> **COLLECTED DATA**:
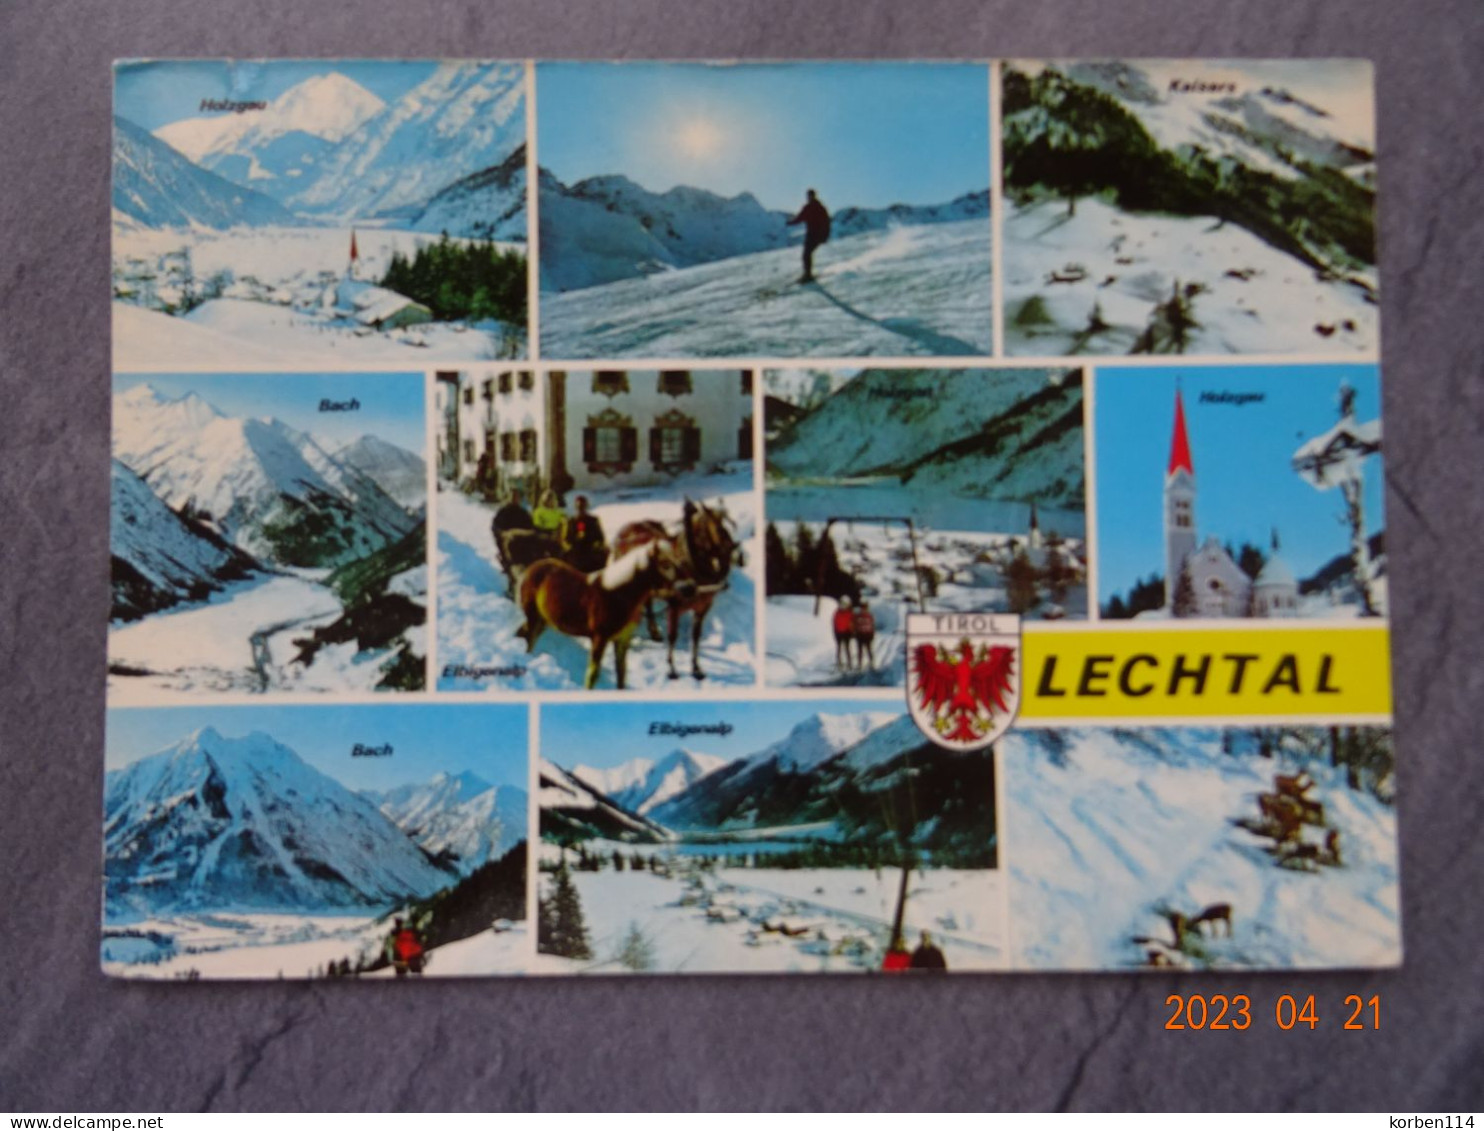 LECHTAL - Lechtal
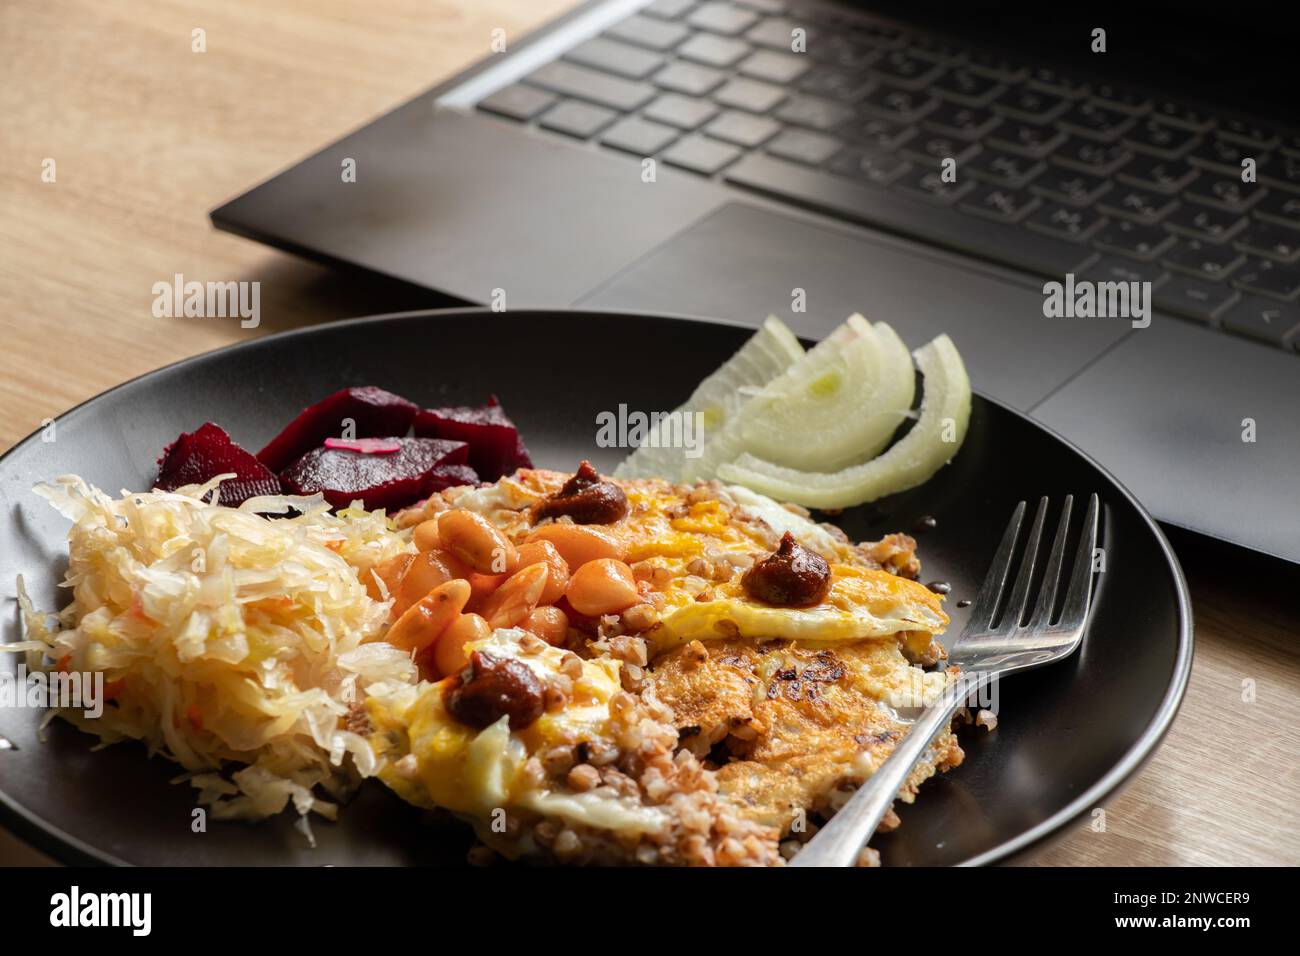 œufs brouillés avec des légumes dans une assiette noire près d'un ordinateur portable à une table sur un robta, déjeuner sur le lieu de travail, une assiette de nourriture sur le lieu de travail Banque D'Images
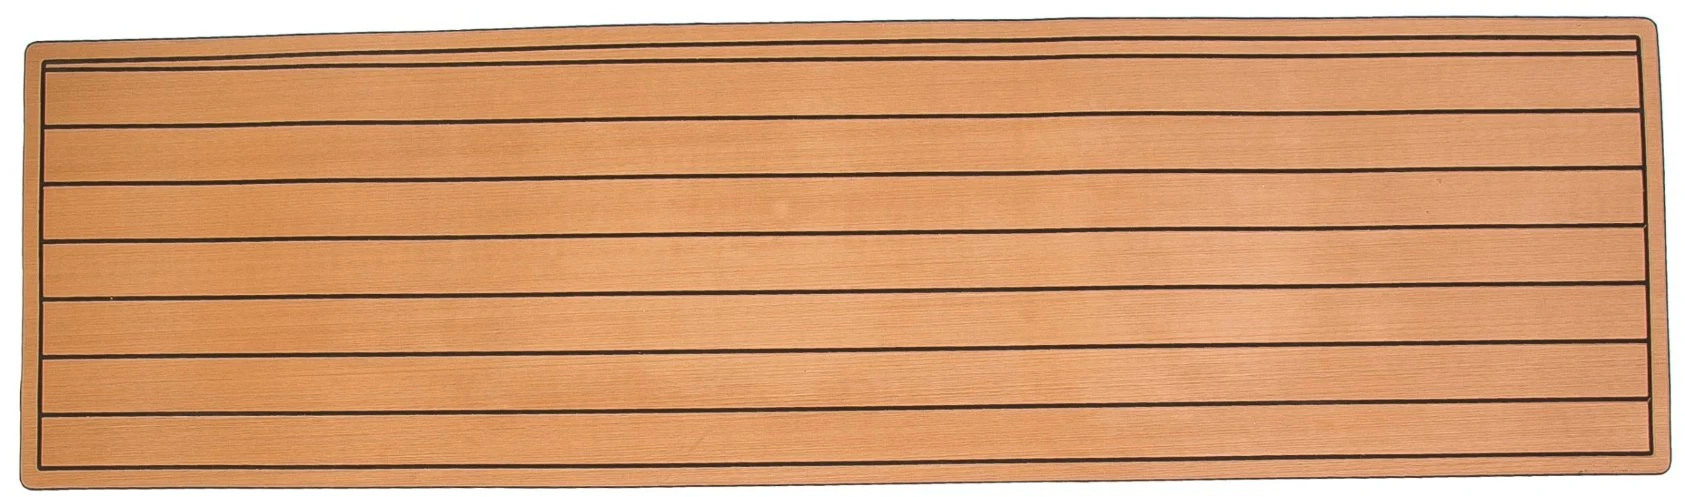 Custom лодки декорированных материала фо из тикового дерева, не скользким коврики морской из пеноматериала EVA листов для судна пол

> **EXERCISE**: Set the material down exactly, images excluded.

> **RESULT OF THIS EXERCISE**:
 LECHTAL - Lechtal
 œufs brouillés avec des légumes dans une assiette noire près d'un ordinateur portable à une table sur un robta, déjeuner sur le lieu de travail, une assiette de nourriture sur le lieu de travail Banque D'Images
 Custom лодки декорированных материала фо из тикового дерева, не скользким коврики морской из пеноматериала EVA листов для судна пол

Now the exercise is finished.